Photo by

The following content is copied from the first reference link. It has a great explanation.

The difference between Q-learning and DQN is that you have replaced an exact value function with a function approximator. With Q-learning you are updating exactly one state/action value at each timestep, whereas with DQN you are updating many, which you understand. The problem this causes is that you can affect the action values for the very next state you will be in instead of guaranteeing them to be stable as they are in Q-learning.

This happens basically all the time with DQN when using a standard deep network (bunch of layers of the same size fully connected). The effect you typically see with this is referred to as “catastrophic forgetting” and it can be quite spectacular. If you are doing something like moon lander with this sort of network (the simple one, not the pixel one) and track the rolling average score over the last 100 games or so, you will likely see a nice curve up in score, then all of a sudden it completely craps out starts making awful decisions again even as your alpha gets small. This cycle will continue endlessly regardless of how long you let it run.

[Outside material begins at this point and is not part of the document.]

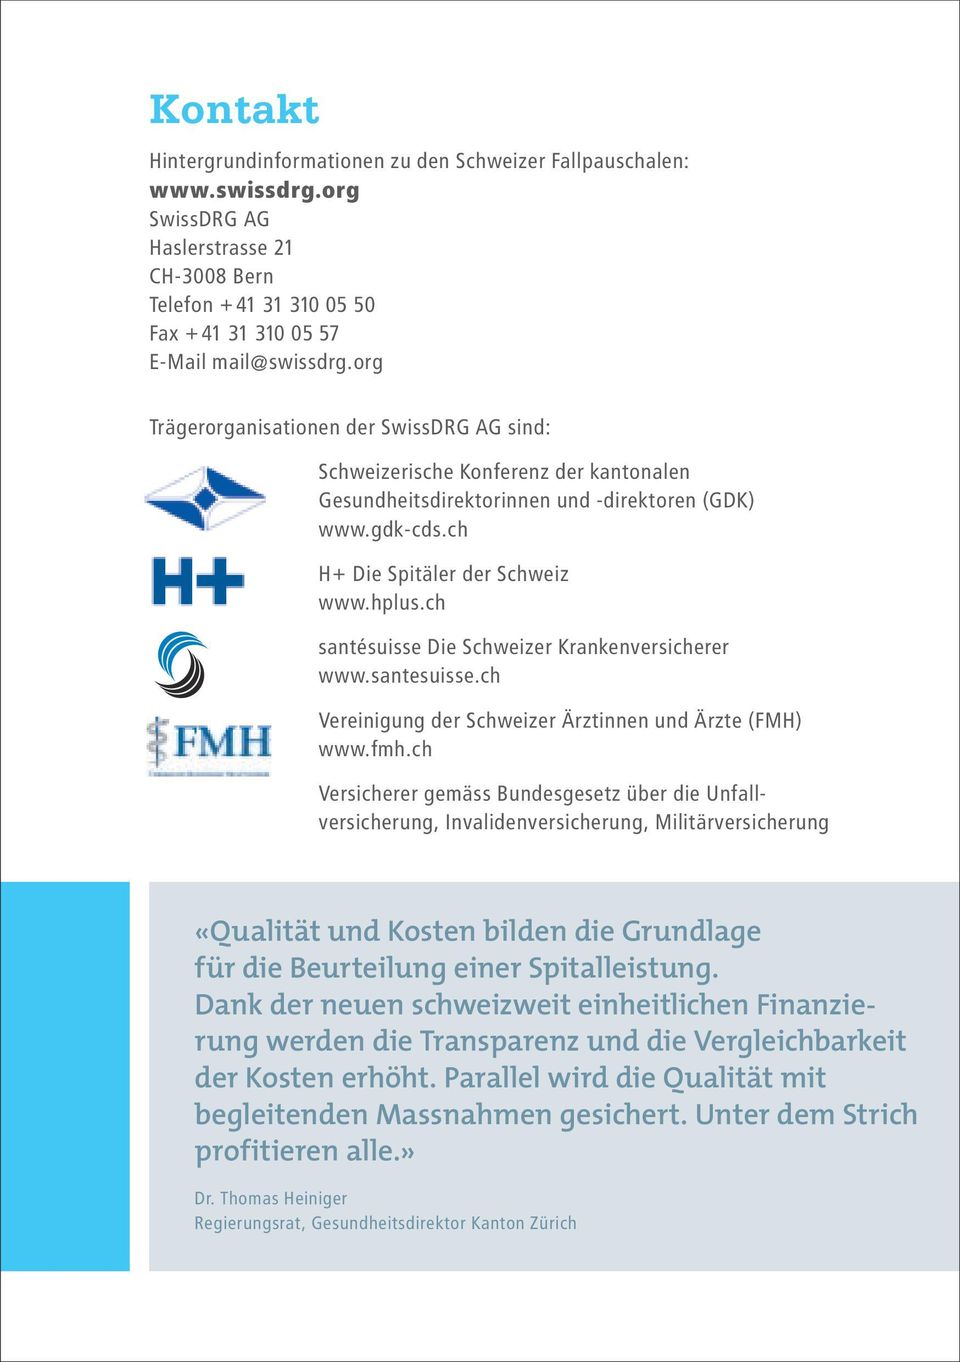 ch santésuisse Die Schweizer Krankenversicherer www.santesuisse.ch Vereinigung der Schweizer Ärztinnen und Ärzte (FMH) www.fmh.

Using a stable target network as your error measure is one way of combating this effect. Conceptually it’s like saying, “I have an idea of how to play this well, I’m going to try it out for a bit until I find something better” as opposed to saying “I’m going to retrain myself how to play this entire game after every move”. By giving your network more time to consider many actions that have taken place recently instead of updating all the time, it hopefully finds a more robust model before you start using it to make actions.